Ante mi petición, el médico retiró los vendajes poniendo muchísimo cuidado y luego, con aquellos dos sacerdotes castigados mirando hacia la pared y yo en camisón y destapada, salió del cuarto. La situación era tan violenta que no me atreví a decir ni media palabra, aunque, afortudamente, el doctor Kalogeropoulos regresó al instante con un espejo que me permitió ver las escarificaciones flexionando las piernas. Ahí estaban: una cruz decussata en la parte posterior del muslo derecho y otra, griega, en el izquierdo. Jerusalén y Atenas grabadas para siempre en mi cuerpo. Debería haberme sentido orgullosa pero, saciada mi curiosidad, mi única obsesión era ver a Farag. Lo malo fue que, en uno de los movimientos del espejo, también vi mi cara reflejada, y me quedé atónita al comprobar que no sólo tenía los ojos hundidos y la piel demacrada, sino que lucía en mi cabeza un exuberante vendaje a modo de turbante musulmán. El doctor Kalogeropoulos, viendo mi expresión de sorpresa, lanzó otra andanada de palabras.
– El doctor dice -me transmitió el padre Cardini- que sus amigos y usted han sido golpeados con algún objeto contundente y que presentan importantes contusiones en el cráneo. Por los resultados de los análisis, piensa que también consumieron alcaloides y quiere que le diga qué sustancias ingirieron.
– ¿Es que este médico cree que somos drogadictos o qué?
El padre Cardini no se atrevió a rechistar.
– Dígale al médico que no hemos tomado nada y que no sabemos nada, padre. Que por mucho que nos pregunte no vamos a poder decirle más. Y ahora, si no es mucha molestia, me gustaría ver a mis compañeros.
Y, diciendo esto, me senté en el borde de la cama y bajé las piernas hasta el suelo. Las vendas de los pies me servían divinamente de zapatillas. Al verme, el doctor Kalogeropoulos dejó escapar una exclamación de enojo y, sujetándome por los brazos, intentó volver a acostarme, pero me resistí con todas mis fuerzas y no lo consiguió.
– Padre Cardini, por favor, ¿sería tan amable de decirle al doctor que quiero mi ropa y que voy a quitarme este vendaje de la cabeza?

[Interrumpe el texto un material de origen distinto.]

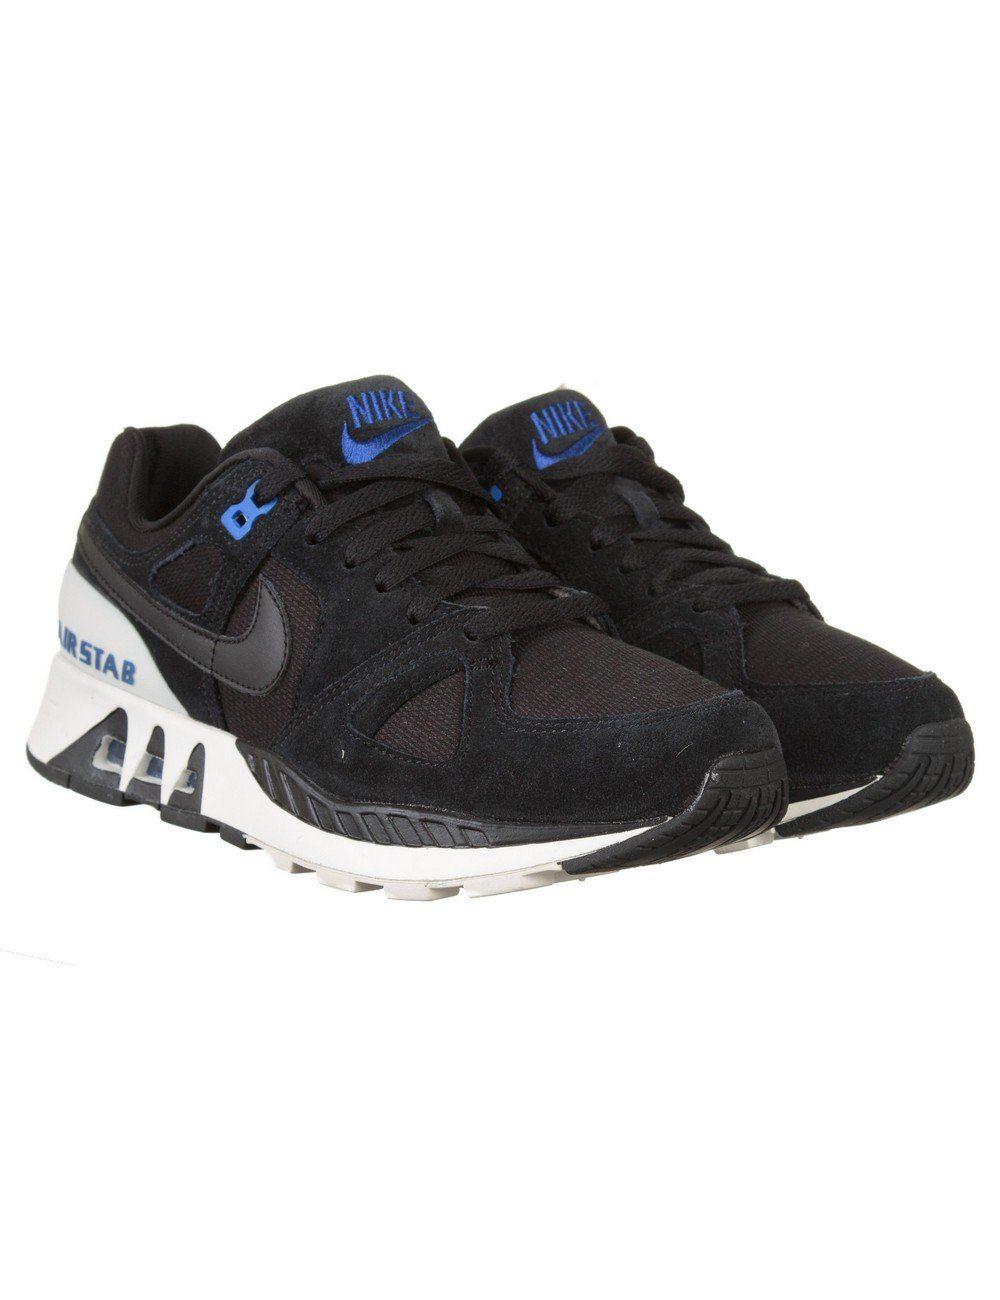 80449ad911 Black Shoes · Fashion · Trainers · Nike Tennis ·  http://www.fatbuddhastore.com/footwear-c10/trainers-

El sacerdote católico tradujo mis palabras y se produjo un diálogo rápido y agitado.
– No puede ser, hermana. El doctor Kalogeropoulos dice que todavía no está bien y que podría sufrir un colapso.
– ¡Dígale al doctor Kalogeropoulos que estoy perfectamente! ¿Conoce usted, padre, la importancia del trabajo que el profesor, el capitán y yo estamos haciendo?
– Aproximadamente, hermana.
– Pues dígale que me entregue mi ropa… ¡Ahora!
Volvió a producirse un irritado cruce de palabras y el facultativo salió de la habitación con muy malos modos. Poco después hizo acto de presencia una joven enfermera que, al entrar, dejó una bolsa de plástico a los pies de la cama sin decir ni media palabra y, luego, se acercó hasta mí y empezó a liberar mi cabeza del turbante. Sentí un inmenso alivio cuando me lo quitó, como si aquellas tiras de gasa hubieran estado comprimiéndome el cerebro. Metí los dedos entre el pelo para airearlo y rocé con las yemas una abultada y dolorosa protuberancia en la parte superior.